Their findings will contribute to a sweeping report, issued every 6 years or so by the Intergovernmental Panel on Climate Change (IPCC). This report reviews the state of climate change science, documents its socioeconomic implications, and identifies viable response strategies. The IPCC has produced five assessment reports so far, and the Sixth Assessment Report (AR6) is currently in preparation.
Analyses of the Earth system based on observational data from sensors on the ground, in the oceans, and in space form an important basis for these reports. But studies with computational Earth system models (ESMs) provide important complementary information because they provide insights into future environmental conditions and help attribute observed changes to specific causes.
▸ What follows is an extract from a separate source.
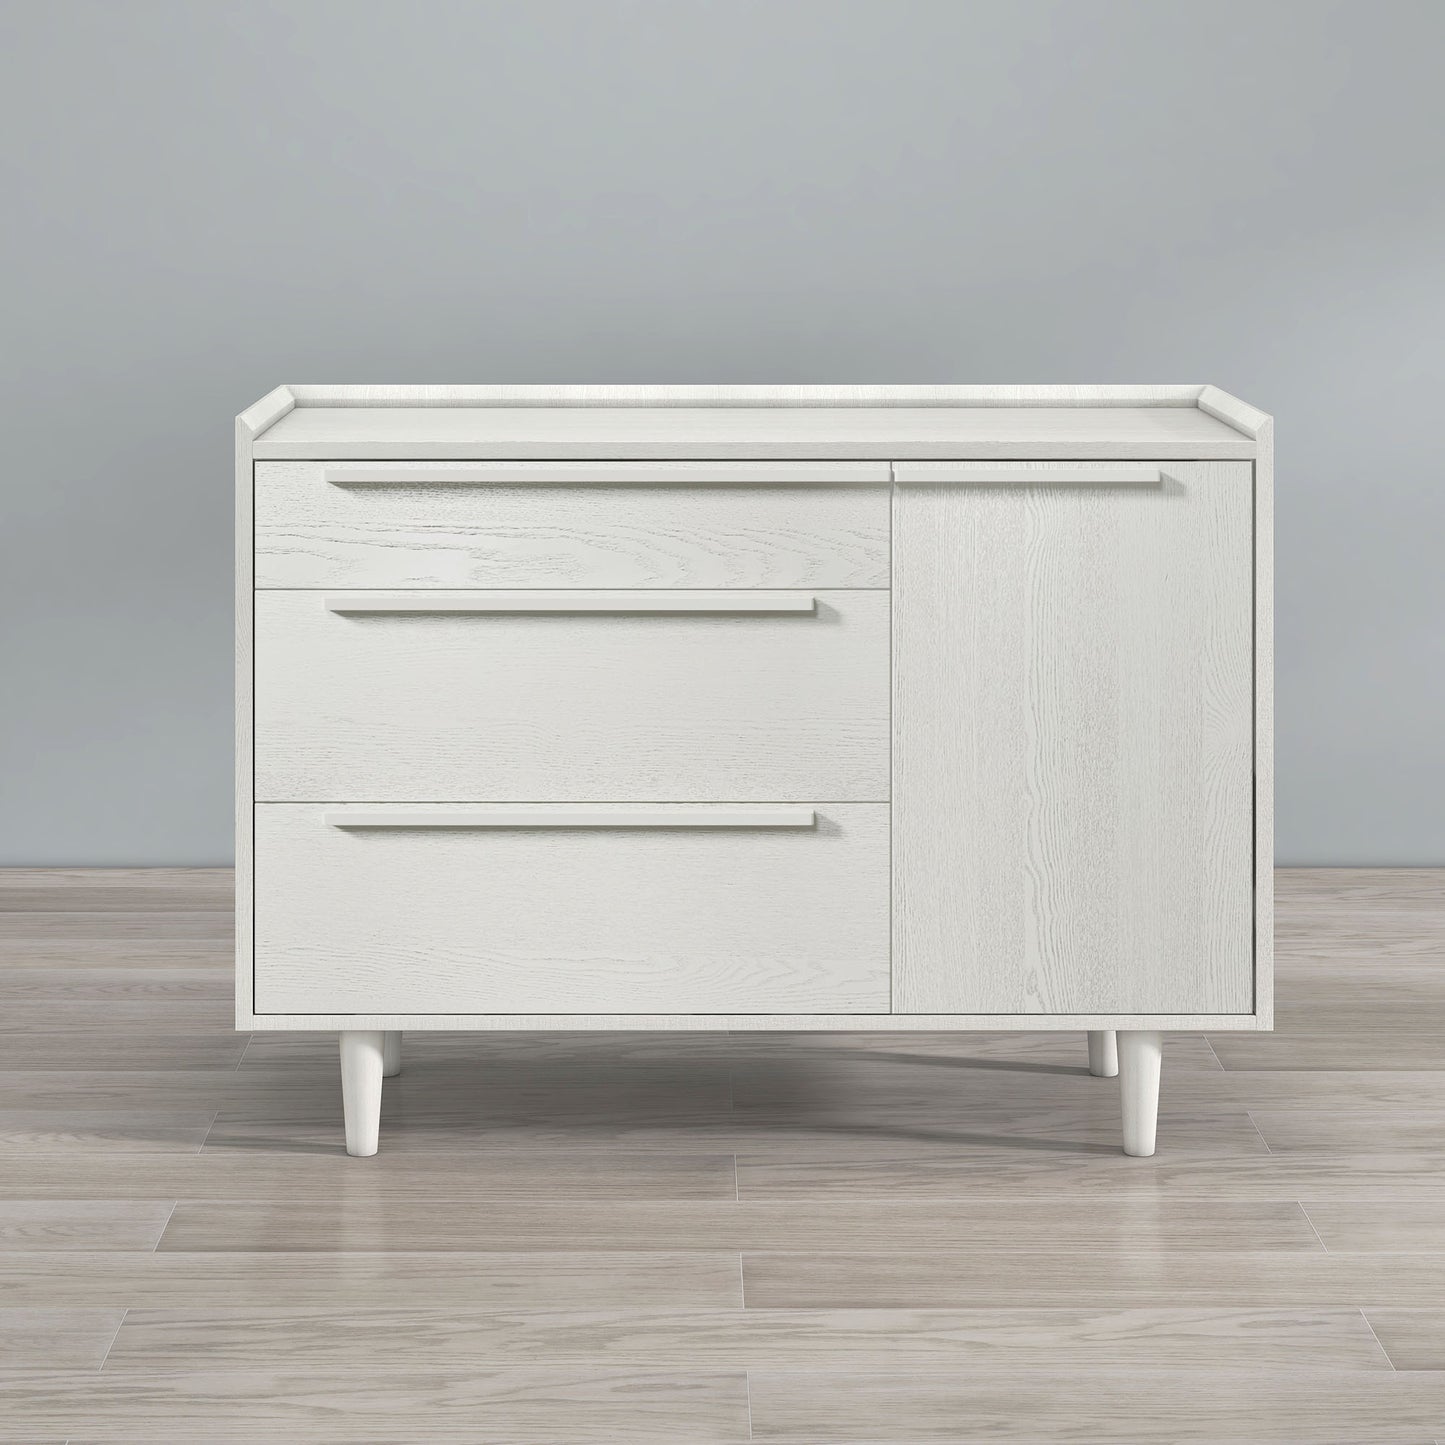 Modern Wood Grain Sideboard with 3 Drawers Storage Cabinet Entryway Floor Cabinet Sideboard Dresser with Solid Wood Legs for bedroom and living room , Grain White

Each model (and there are many) incorporates its own body of source data, assumptions, and algorithms. Thus, the best overall picture of Earth’s climate emerges when results from several models are compared, taking note of the strengths and limitations of each. However, this type of comparison poses challenges to individual researchers.
An Ensemble Cast of Models
ESMs capture the essential processes within the Earth system in complex computer codes. Despite researchers’ best efforts, no model is perfect because scientists must make difficult choices to balance physical realism with reasonable computational performance. It is therefore dangerous to base important conclusions about climate change on any single model.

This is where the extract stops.